MT: Despite doctor's orders?
Michaels: Look, I know it was horrific and scary, but I say by the grace of God and good medical attention, I'm still here and still rockin' and I'm going to go out and enjoy it. I think that that also keeps me positive and keeps me fighting.
MT: Is there a connection between your experiences and your gratitude?
Michaels: One hundred percent. I am extremely grateful to the fans, to family, to my friends. I'm one of those guys that I'm thankful. I love that I get to do this, and I'm thankful that I get to do this and thankful I get to do it for so long. And this is where I've been fortunate.
The music is my main love, and then you look at the reality TV shows, and then there's being able to take creative energy and make it into something. I excel at bridging the gap because lots and lots of people have great ideas. Where the wall comes up is how do you make them become an actuality? And that's where my strength is. I just find a way to get it done. And nine times out of 10 it's never going to be exactly like you dreamed it would be, but sometimes, a lot of times, it's even better.
MT: You've been performing for more than 35 years. How do you keep things fresh, especially when it comes to a song like "Every Rose Has Its Thorn"?
Michaels: Music is always meant to evolve. It's what keeps me interested in music. But where it doesn't change, for me, I still pick up the acoustic guitar. I still pick up a pen and a piece of paper and sit at the piano and write the lyrics. You hope that the song hits and catches and you still have to be grounded enough to know that you got to sit down and learn your instrument and then be able to marry the music with the lyrics.

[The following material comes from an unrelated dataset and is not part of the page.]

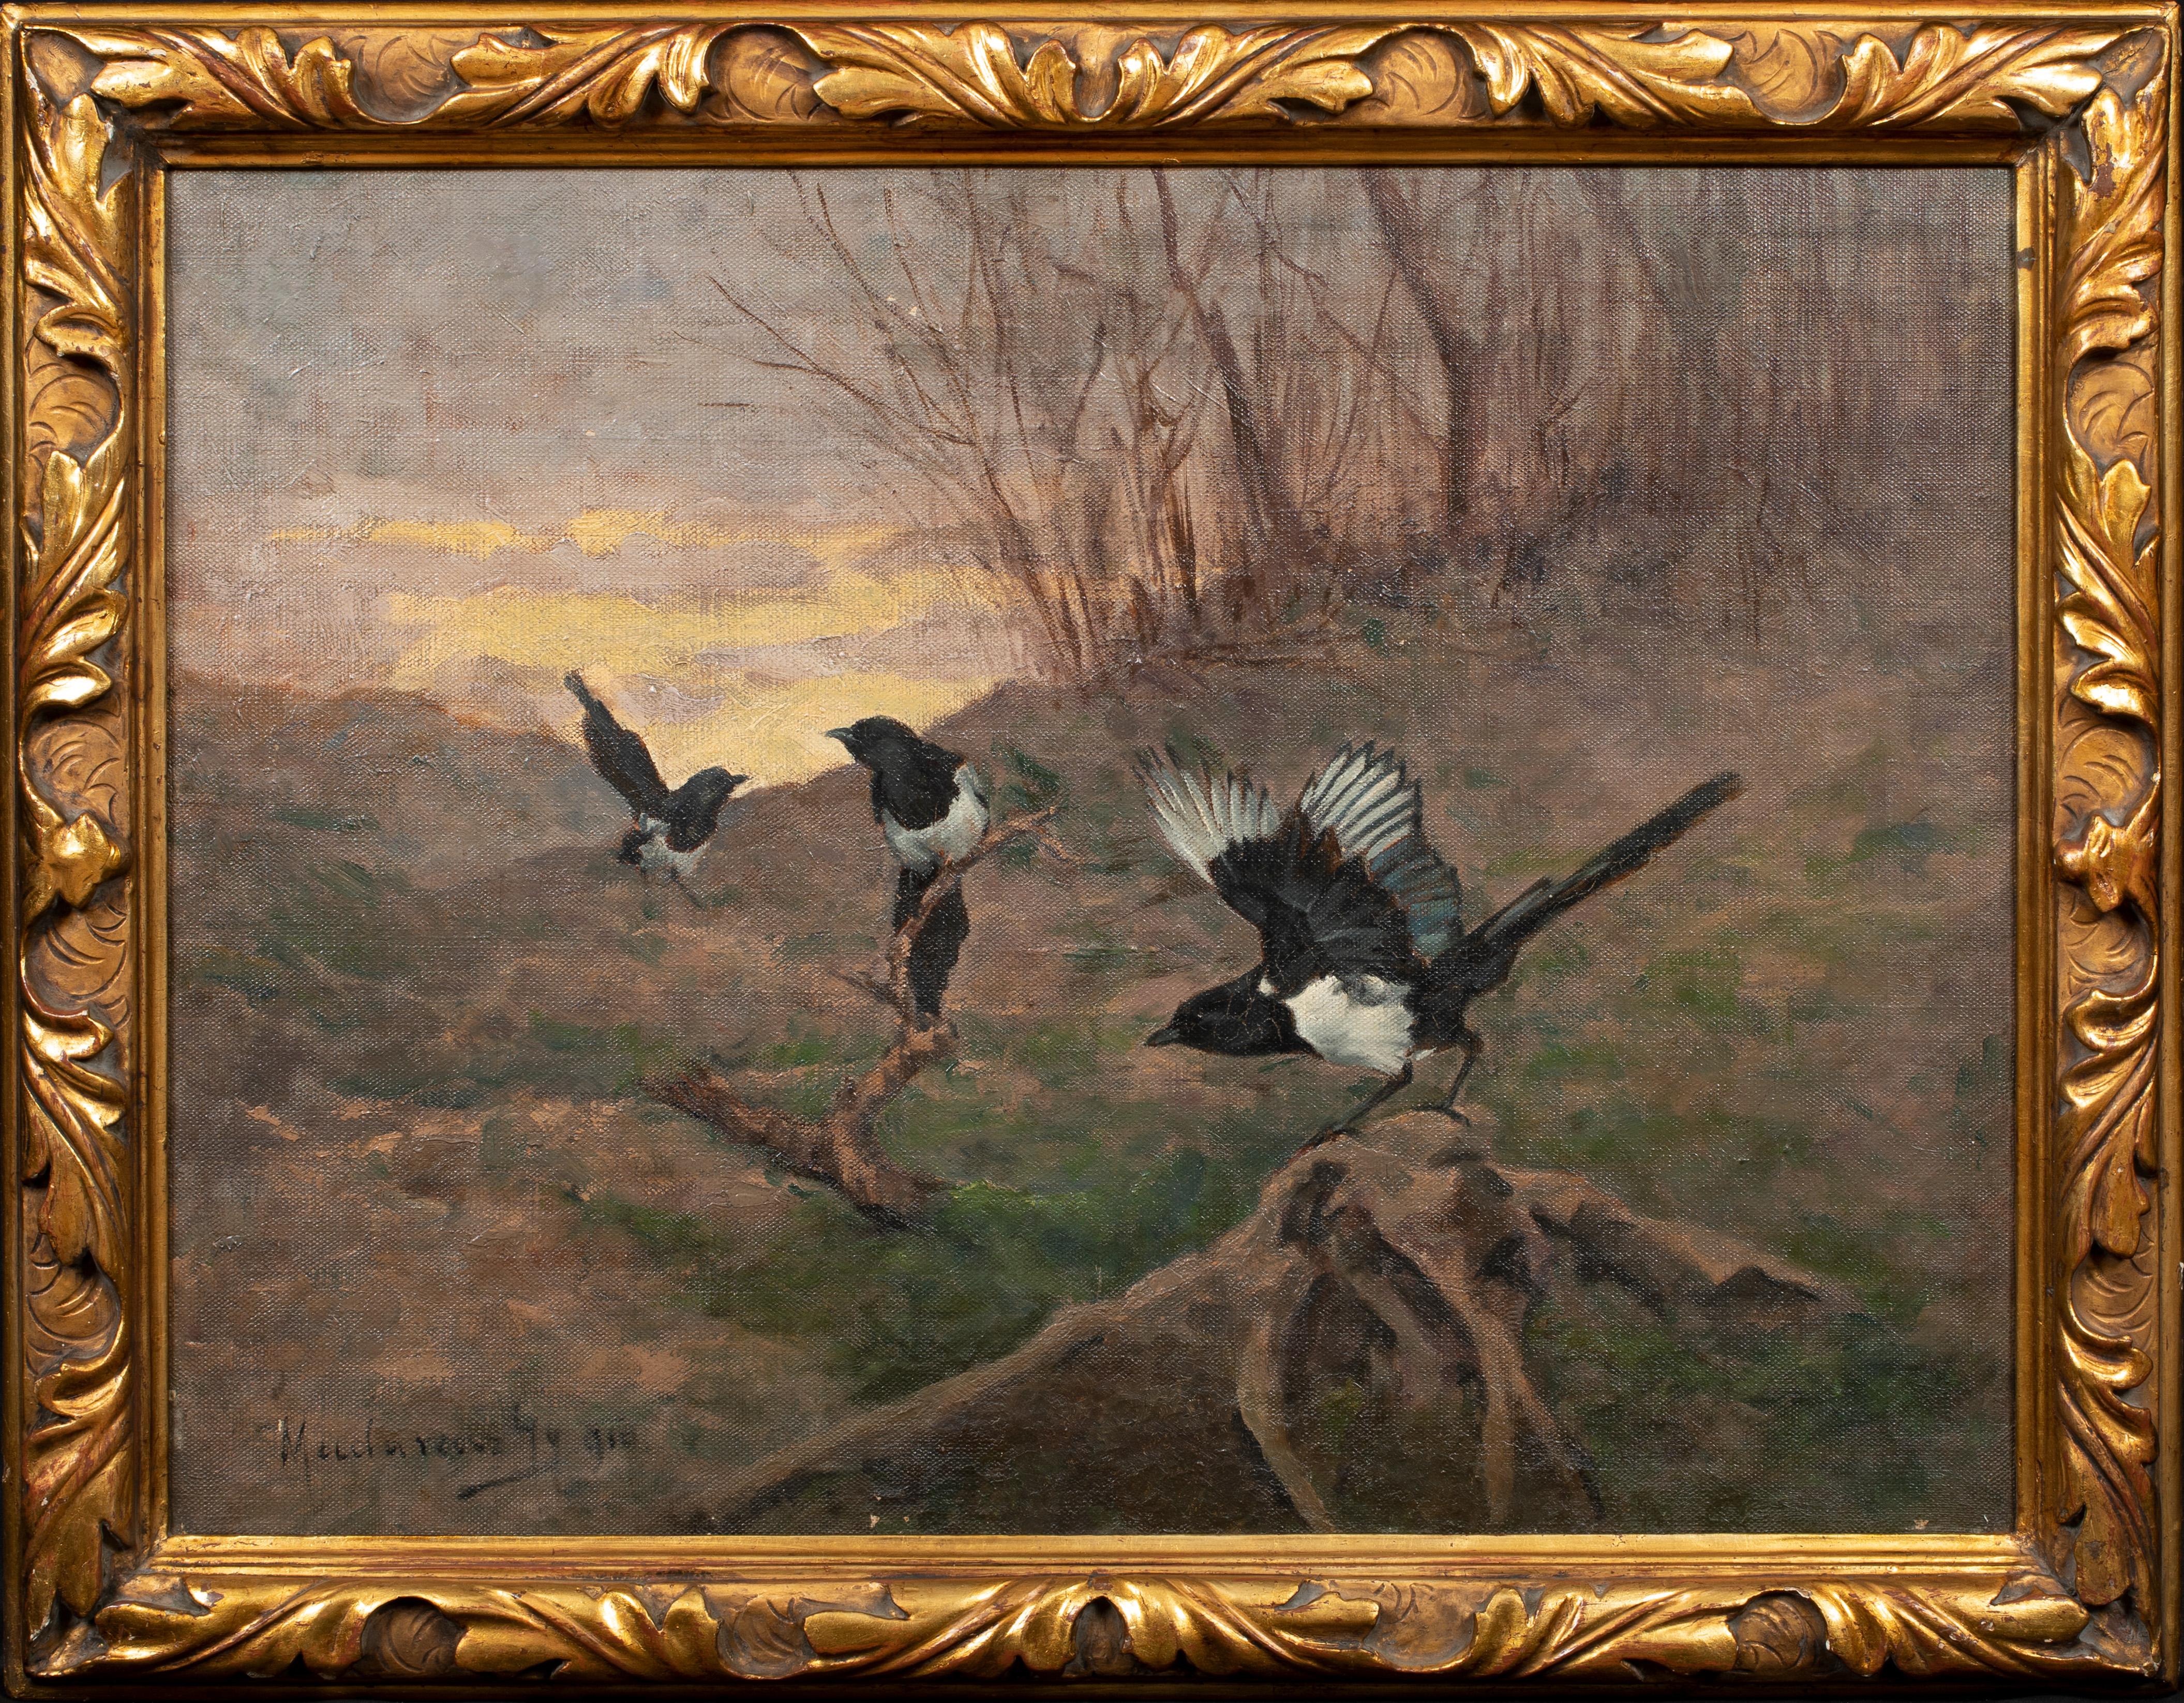 Unknown Portrait Painting - Study Of Magpies In A Landscape, circa 1900

As you're playing a song like "Every Rose Has Its Thorn," it evolves into so many different phases of your life, but to still look out there and watch people singing that song, the arenas lit up, the venues lit up, people are singing along like one big awesome karaoke, everyone's got their hands in the air, that — that never gets old.
MT: Please grace us with your favorite moment from Rock of Love.
Michaels: I want to start with this — by thanking the girls. They were the rock stars of Rock of Love. Their craziness and fun made the show incredible. And, you know, remember, I was living in this and we did this for months at a time. We were literally living it and going through it for real, for real.
You know when you bond, you bond over doing something together? For me, probably because I'm such a motorcycle fanatic, I think going out and teaching the girls all how to ride dirt bikes and only one of them knew how to ride, and then whoever got to win the race got to go on the date. That was probably one of my best experiences, or the football experience.
Let me just say this — the lingerie mud football. That with the motorcross stuff, that's what was awesome. I got to combine dating, adult beverages, and some kind of sporting activity and mud. That's an amazing day.
Bret Michaels will perform at 8 p.m. on Wednesday, Dec. 26 at Soundboard; 2901 Grand River Ave., Detroit; 313-309-4614; soundboarddetriot.com; Tickets start at $42.